For transparency and as a guide to others interested in this analysis, we’re now discussing the data sources we’re aware of and our evaluation of the relative value each source contributes to our understanding of how services and those who provide them are funded in this space. For a better understanding of the terminology we use in this analysis, please take a moment to review our post describing these terms and how we define them for our purposes.

Funder grant databases

In our last post, we discussed that, many (but not all) large philanthropic organizations disclose their grant funding on their websites. This information typically includes the following information:

  • the grant recipient
  • grant amount
  • the date of the grant
  • the duration of the grant
  • a description of the project being funded

Most apply some high level categorization to the grant, placing it in a granter-specific funding category, initiative, program, or portfolio. These not only vary between granting organizations but can change from one funding cycle to the next as the granting organizations shift their priorities, interests, or personnel.

As we’ve previously discussed, funding organizations develop their own standards for disclosure. These can vary between sources, with some smaller granting organizations and other non-philanthropic organizations choosing not to disclose their grants or other support in any public form at all. Additionally, while some granting organizations make their data available for download in a spreadsheet format, most do not make this data easily downloadable from their website in any format other than raw HTML and only one funder we’ve found makes this data available via a publicly accessible application programming interface (API)

This makes accessing this data a highly manual process of searching and transcribing the available information into spreadsheets or other records for analysis. While some web pages with grant data can be “scraped” using computer code, some pages are structured to make this activity difficult (if not impossible) and others indicate their websites shouldn’t be scraped using the robots.txt protocol.

While there are initiatives to centralize this information from funders and make the data more accessible, such as Crossref’s Funder Registry, the Curtin Open Knowledge Initiative (COKI), Europe PMC’s Grant Finder, and 360Giving’s GrantNav, these services (particularly Funder Registry, COKI, and Grant Finder) are focused on the funding of published research rather than operational grants to service providers that don’t directly lead to publication. 360Giving has funding for service providers and includes additional information not available from some funder websites but is limited to funding from UK-based funding organizations.

Provider and Service Websites

Most providers disclose the names of their major funders on their websites but provide few, if any, additional details about when they received the money or what amounts they received. A few disclose details about their funding, including the amount, date, and a description of the intended use of the funding, but this is rare. While these disclosures may link to the funder’s main website, few link directly to the specific grant information on the funder site (likely due to the challenge of maintaining links that change as funders revise their sites) and there are discrepancies between what is reported by the granting organization and the provider.

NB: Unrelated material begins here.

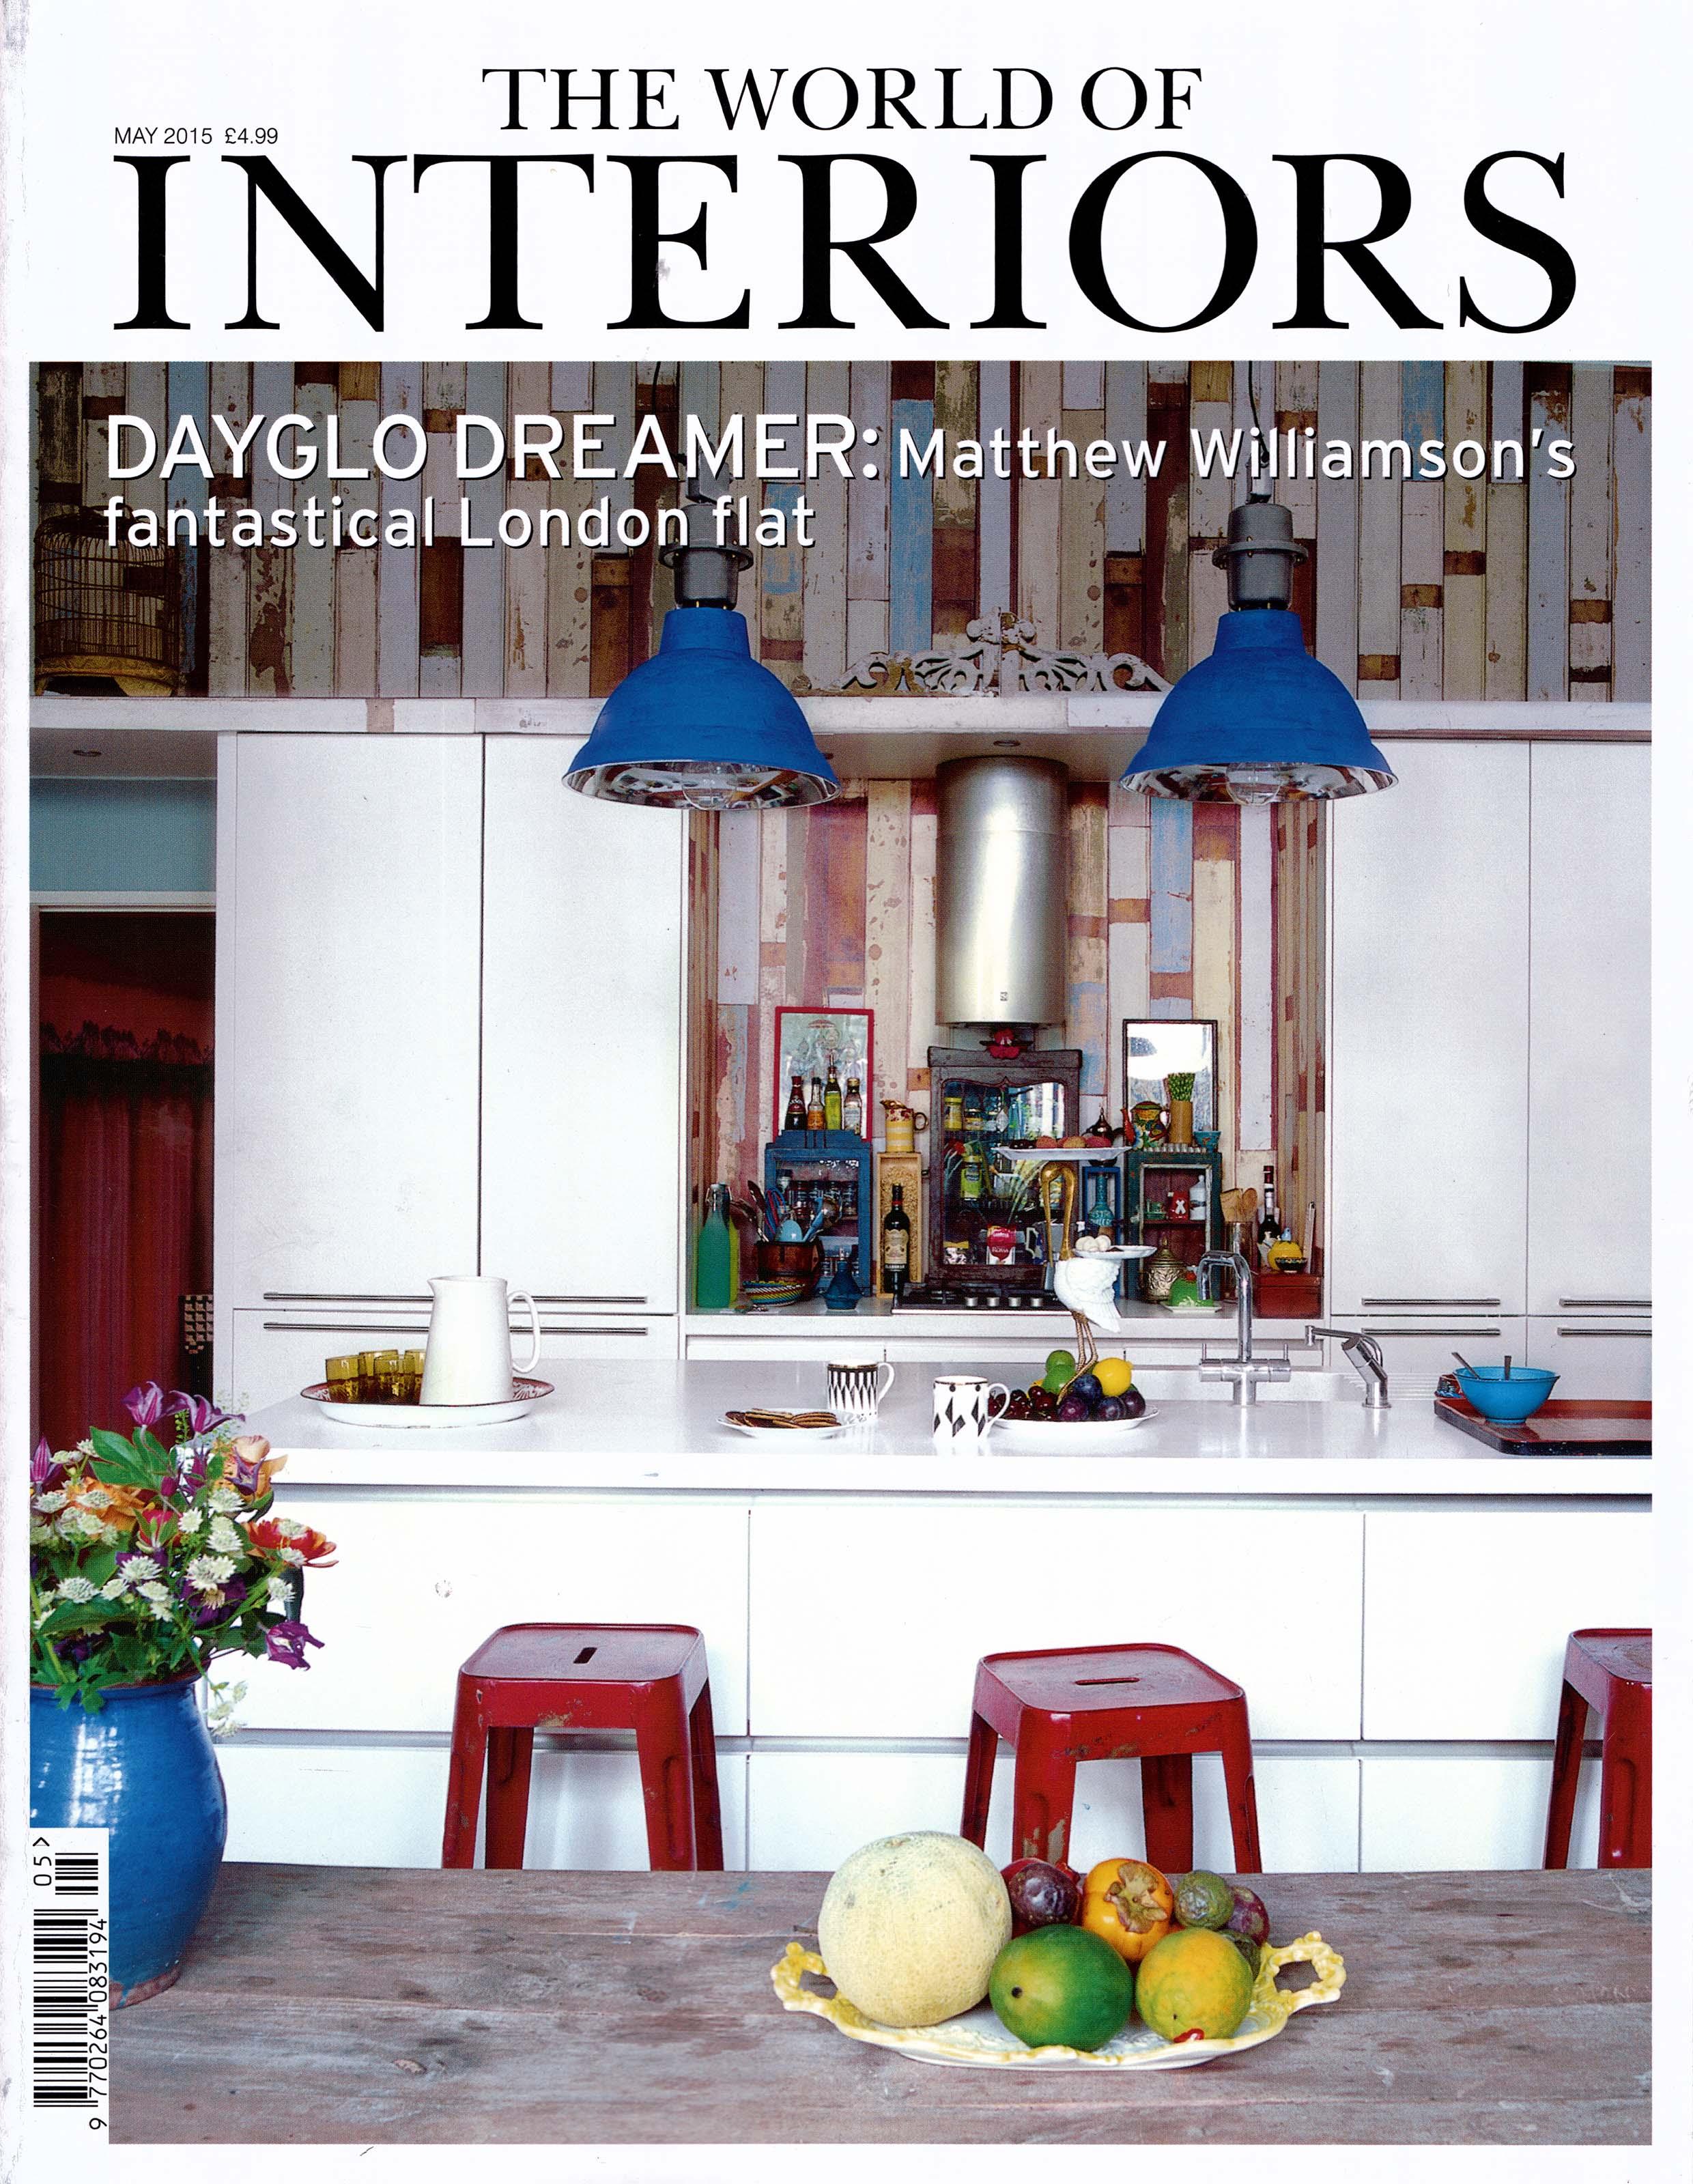 World of Interiors concrete sinks Tim Sprules.jpg

Some of these discrepancies come from differences between the funder and the provider in how funding is accounted for. While a funder will typically indicate they awarded an amount to a recipient on a particular date for a particular duration (36 months, for example), providers may choose to display this funding in the fiscal year it was received, so a provider may display multiple grants from a funder who describes it in their grants database as a single grant. In the case of a 36 month grant, this may be displayed by the provider (when they publicly display this information) as 3 or even 4 payments from the funder depending on when the amounts were disbursed over those 36 months.

While often the amounts reported by the funder and recipient are the same, there are noticeable instances where the amount specified by the funder and the amount reported by the provider are different, even when taking into account the different ways the money can be tracked (lump sum or booked as disbursed). Nothing in our research shows this discrepancy is intentional and is most likely due to simple accounting errors, but it has the effect of distorting the actual amount of funding providers receive from funders. This may indicate some organizations are in need of additional assistance to manage and accurately report their finances.

In addition to directly listing funders on their website, some organizations publish annual reports that summarize the organization’s finances for the preceding year. These reports may outline key grants and other sources of funding, but often don’t provide details on the specific grant funding provided and may not disclose this information at all. These are also often incomplete as organizations decide which, if any, sources of funding to highlight in these reports. Many smaller providers don’t publish annual reports or choose to disclose only minimal financial information in the reports they release.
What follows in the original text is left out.